Friday, April 29, 2011

Of Wedding Feasts and Famines

In the media-driven frenzy of royal-watching, the wedding between Kate and Wills harks back to a time when the pomp and pageantry of the monarchy provided a diversion from the daily struggles of their subjects. In England, as late as the 1930s, poor families struggled with the problem of hunger. Yet as George Orwell wrote, 
The basis of their diet, therefore, is white bread and margarine, corned beef, sugared tea and potatoes -- an appalling diet. Would it not be better if they spent more money on wholesome things like oranges and wholemeal bread or if they even, like the writer of the letter to the New Statesman, saved on fuel and ate their carrots raw? Yes, it would, but the point is that no ordinary human being is ever going to do such a thing. The ordinary human being would sooner starve than live on brown bread and raw carrots.
The May/June 2011 online version of the magazine Foreign Policy is devoted to the problems associated with food price inflation and the impact this would have on poverty and hunger. The development aid community has flagged this as a potential cause for dragging many in the middle to low income countries into poverty.

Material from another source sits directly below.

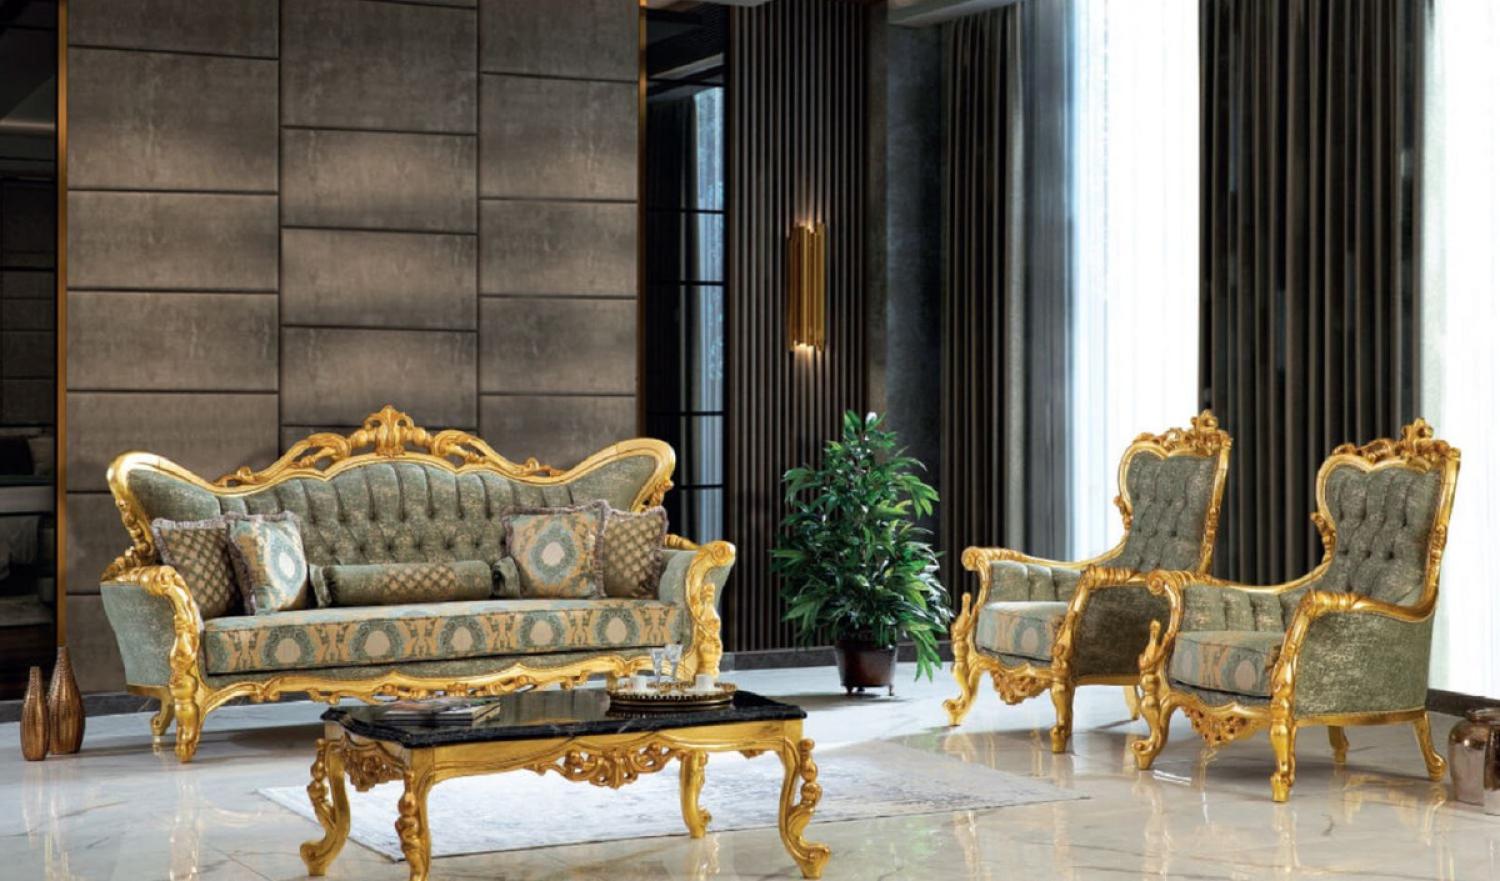 Casa Padrino Luxus Barock Wohnzimmer Set Grün / Schwarz / Gold - 2 Sofas & 2 Sessel & 1 Couchtisch - Handgefertigte Wohnzimmer Möbel im Barockstil - Edel & Prunkvoll Bild 1

Calls have been issued to address this pressing problem. But in a piece written by Abhijit Banerjee and Esther Duflo, the general consensus regarding the issue is challenged. What if the experts are wrong, they ask.What if the problem of hunger is not caused by the lack of affordable food? Nobel Prize winning economist Amartya Sen has famously pointed to the fact that famines have only occurred in recent times in countries that lacked democratic institutions of accountability. Poor governance rather than a lack of food supply creates extreme hunger.

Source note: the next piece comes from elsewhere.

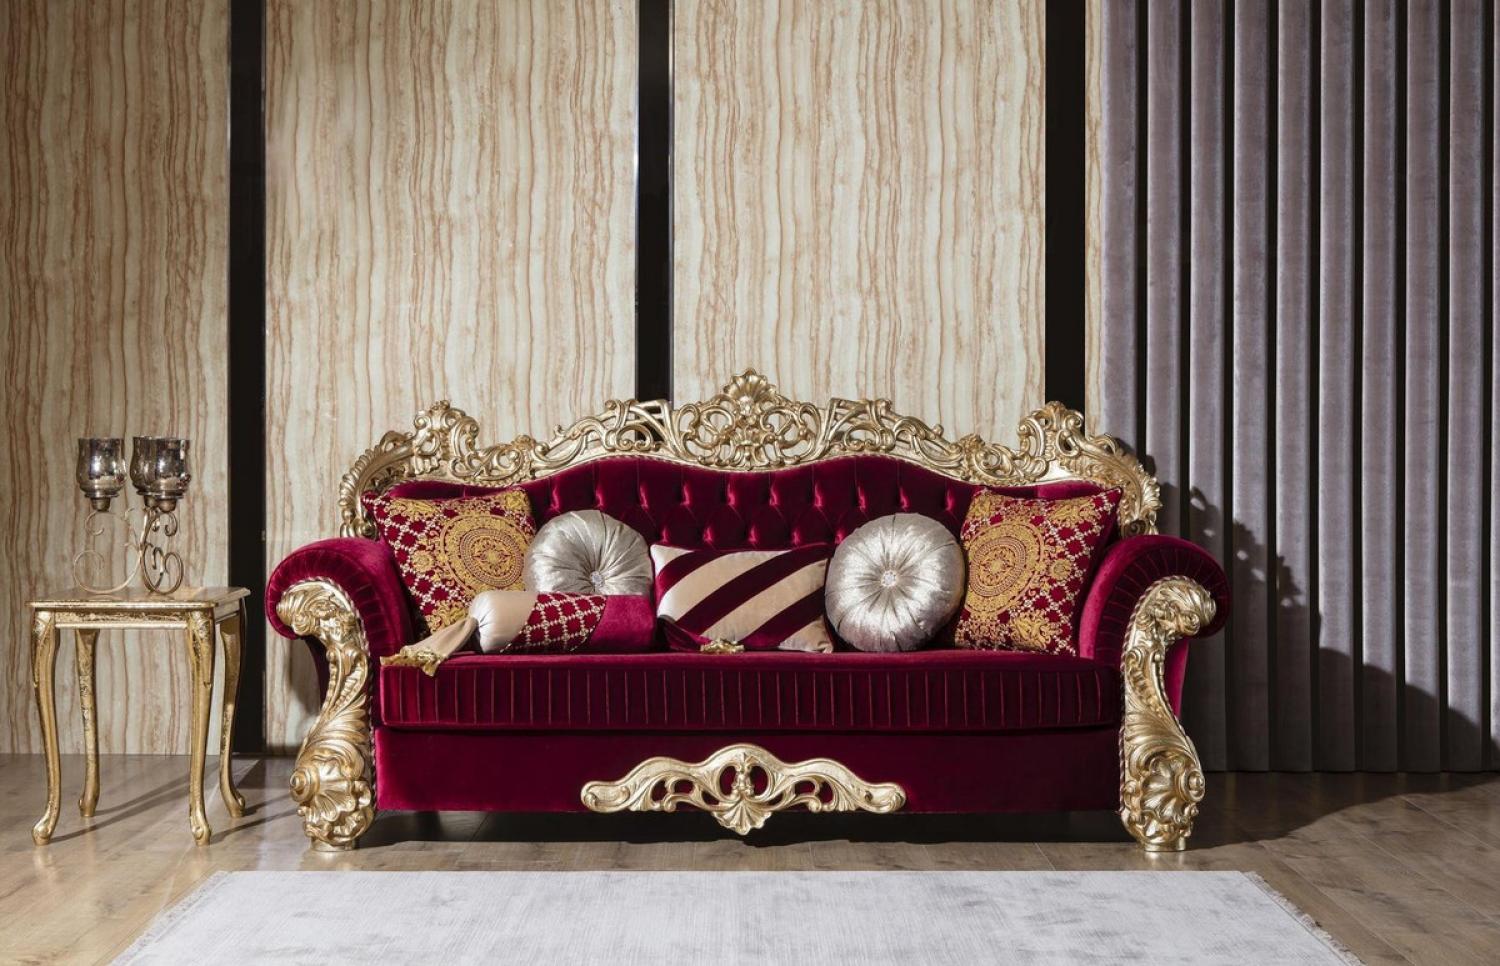 Casa Padrino Luxus Barock Sofa Bordeauxrot / Gold 244 x 95 x H. 123 cm - Prunkvolles Wohnzimmer Sofa mit dekorativen Kissen - Barock Wohnzimmer Möbel Bild 1

In India where Sen is from, despite the rise in per capita income, per capita caloric intake has declined. The piece points out that
(t)he change is not driven by declining incomes; by all accounts, Indians are making more money than ever before. Nor is it because of rising food prices -- between the early 1980s and 2005, food prices declined relative to the prices of other things, both in rural and urban India. Although food prices have increased again since 2005, Indians began eating less precisely when the price of food was going down.
What if the problem of hunger is not driven by a lack of affordable food, but the fact that the poor demand a different variety of food? They use one example to bear this out:
Using price data from the Philippines, we calculated the cost of the cheapest diet sufficient to give 2,400 calories. It would cost only about 21 cents a day, very affordable even for the very poor (the worldwide poverty line is set at roughly a dollar per day). The catch is, it would involve eating only bananas and eggs, something no one would like to do day in, day out. But so long as people are prepared to eat bananas and eggs when they need to, we should find very few people stuck in poverty because they do not get enough to eat.
To provide more evidence of this, they cite a study conducted in two regions of China where researchers offered randomly selected poor households a large subsidy on the price of basic staples believing this would result in greater consumption of food. Instead they found that:
(o)verall, the caloric intake of those who received the subsidy did not increase (and may even have decreased), despite the fact that their purchasing power had increased. Nor did the nutritional content improve in any other sense. The likely reason is that because the rice and wheat noodles were cheap but not particularly tasty, feeling richer might actually have made them consume less of those staples. 
They go on to point out the possible reasons why the poor might be eating less. Better water and sanitation for instance may lead to a lower incidence of nutrition depleting diseases. Women in rural villages which now have access to water no longer need to spend a good deal of effort fetching water to and from rivers. Aside from that is the penchant of the poor to spend on non-essentials like vices and other forms of entertainment (televisions, DVDs, mobile phones, movies, etc).

Many programs aimed at boosting protein and iodized salt intake have been met with a dismal response from poor households. It seems that when it comes to deciding what to spend their income on, they seem to have other priorities.